# CC Cleaner Hacked



## Mike (Dec 11, 2017)

Sorry to be the bearer of bad news, but you need
to know about this.

Do you use CC Cleaner, did you download a copy
or an update during August and September 2017?

If you did then you have probably been hacked
and you will have malware in your machine.

Full story below.

Mike.

*CCleaner has a reputation for being one of the best Windows cleanup tools around.
Simply running it on your PC will remove the digital junk that accumulates in Windows
in order to free up space on your hard drive, and also clean out unnecessary registry
settings.

Unfortunately, CCleaner's reputation is set to take a hit, since it has been found to be
packed with malware!

The problem wasn't actually with the CCleaner software itself. It seems that hackers
managed to get access to servers run by security company Avast which were distributing
the CCleaner software, and infected the download with a malware tool.
When unsuspecting users installed CCleaner, the malware was installed too.

And because CCleaner is downloaded 5 million times a week, this is a major problem.

The malware was distributed with version 5.33 of CCleaner, downloaded between
15th August and 12th September.

If you downloaded CCleaner during this time period, or updated your existing version of
CCleaner to 5.33, then you will have downloaded the malware infection.

Needless to say, CCleaner is a long established and trustworthy product, and the company
behind it do not distribute malware themselves. It seems that, in this case, the tool used
to build and release the software (called the toolchain) was compromised by hackers.

If you have CCleaner installed on your PC, the best thing to do is to remove it and
perform a full security scan on your PC.

To remove the software, proceed as follows:

    Press [Windows Key] + [R], type control and click OK.
    Set the View by drop-down list in the top right-hand corner to Large icons.
    Double-click on Programs and Features.
    Look through the list for the CCleaner entry. Select it and click Uninstall.

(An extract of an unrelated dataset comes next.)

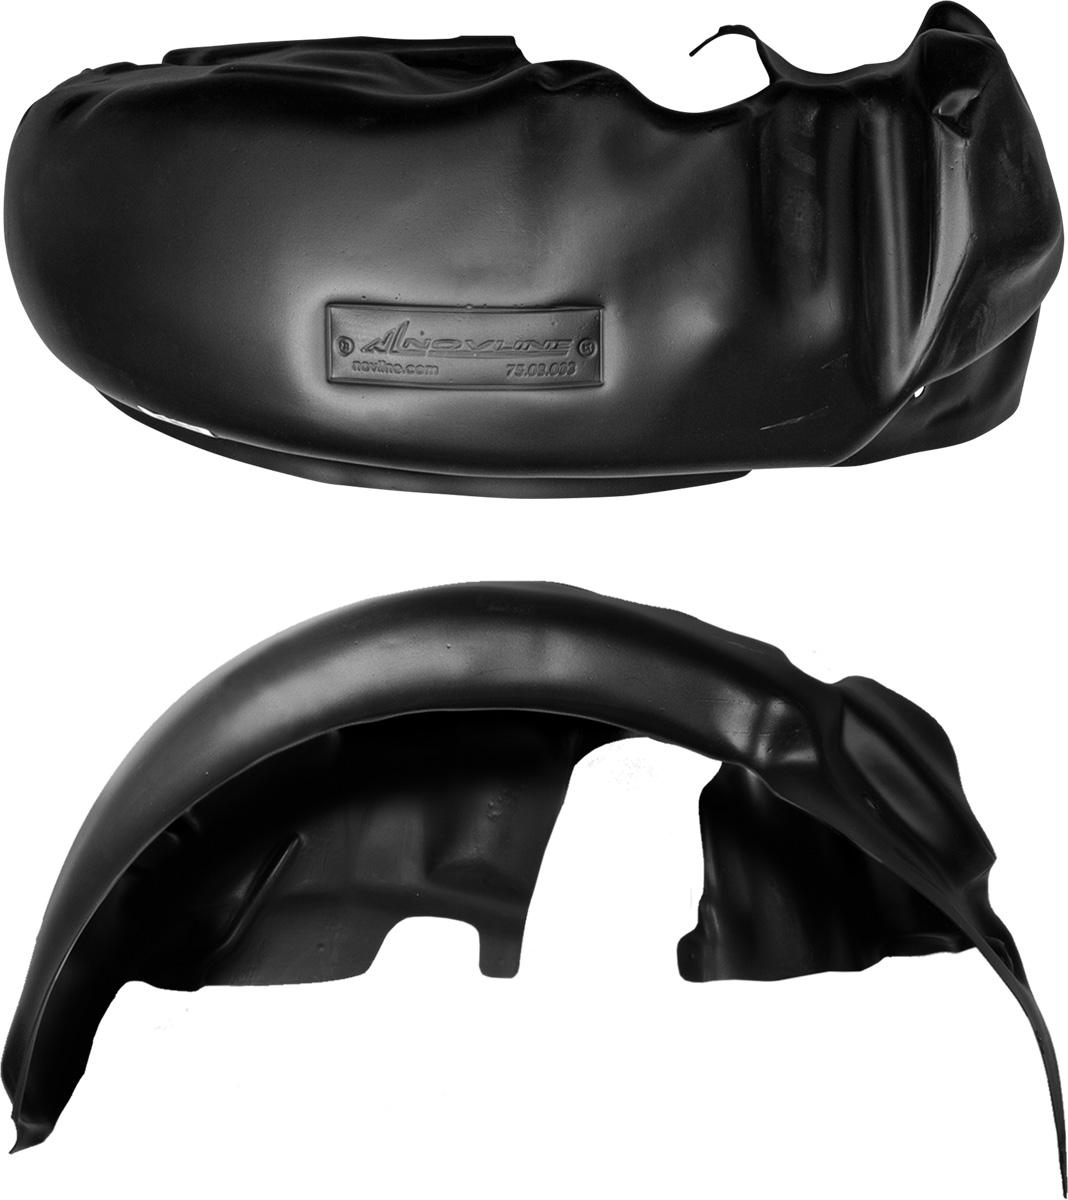 Подкрылок Novline-Autofamily, для Geely Emgrand EC7, 2011->, передний левый1004900000360Колесные ниши - одни из самых уязвимых зон днища вашего автомобиля. Они постоянно подвергаются воздействию со стороны дороги. Лучшая, почти абсолютная защита для них - специально отформованные пластиковые кожухи, которые называются подкрылками. Производятся они как для отечественных моделей автомобилей, так и для иномарок. Подкрылки Novline-Autofamily выполнены из высококачественного, экологически чистого пластика. Обеспечивают надежную защиту кузова автомобиля от пескоструйного эффекта и негативного влияния, агрессивных антигололедных реагентов. Пластик обладает более низкой теплопроводностью, чем металл, поэтому в зимний период эксплуатации использование пластиковых подкрылков позволяет лучше защитить колесные ниши от налипания снега и образования наледи. Оригинальность конструкции подчеркивает элегантность автомобиля, бережно защищает нанесенное на днище кузова антикоррозийное покрытие и позволяет осуществить крепление подкрылков внутри колесной арки практически без дополнительного крепежа и сверления, не нарушая при этом лакокрасочного покрытия, что предотвращает возникновение новых очагов коррозии. Подкрылки долговечны, обладают высокой прочностью и сохраняют заданную форму, а также все свои физико-механические характеристики в самых тяжелых климатических условиях (от -50°С до +50°С).Уважаемые клиенты!Обращаем ваше внимание, на тот факт, что подкрылок имеет форму, соответствующую модели данного автомобиля. Фото служит для визуального восприятия товара.

Once the software has been removed, re-boot your PC and then use your anti-virus program
to perform a full system scan. Remove any infections that are uncovered. Once you have done,
you can download a new version of CCleaner and install it on your PC, if you still need it. *


----------



## Camper6 (Dec 11, 2017)

I never took the update.  

I have an older computer and updates have a way of screwing things up.

So I just keep plugging along.


----------



## Don M. (Dec 11, 2017)

The Ccleaner hack occurred at level 5.33, and only affected those using the 32 bit version.  The current version is 5.37, and the malware has been removed.  If in doubt, and you are still running an older level of CC, it is easy to uninstall, then run a full scan with your antivirus, then reload the latest version of CC from a trusted site such as CNet.  It's also a good idea to do a complete virus scan weekly, and run a malware program such as MalwareBytes, or SpyBot...as even the best anti-virus will sometimes fail to detect malware.


----------



## JaniceM (Dec 11, 2017)

@Mike:  is the current version of Avast safe now?  
I'm not familiar with CCCleaner specifically.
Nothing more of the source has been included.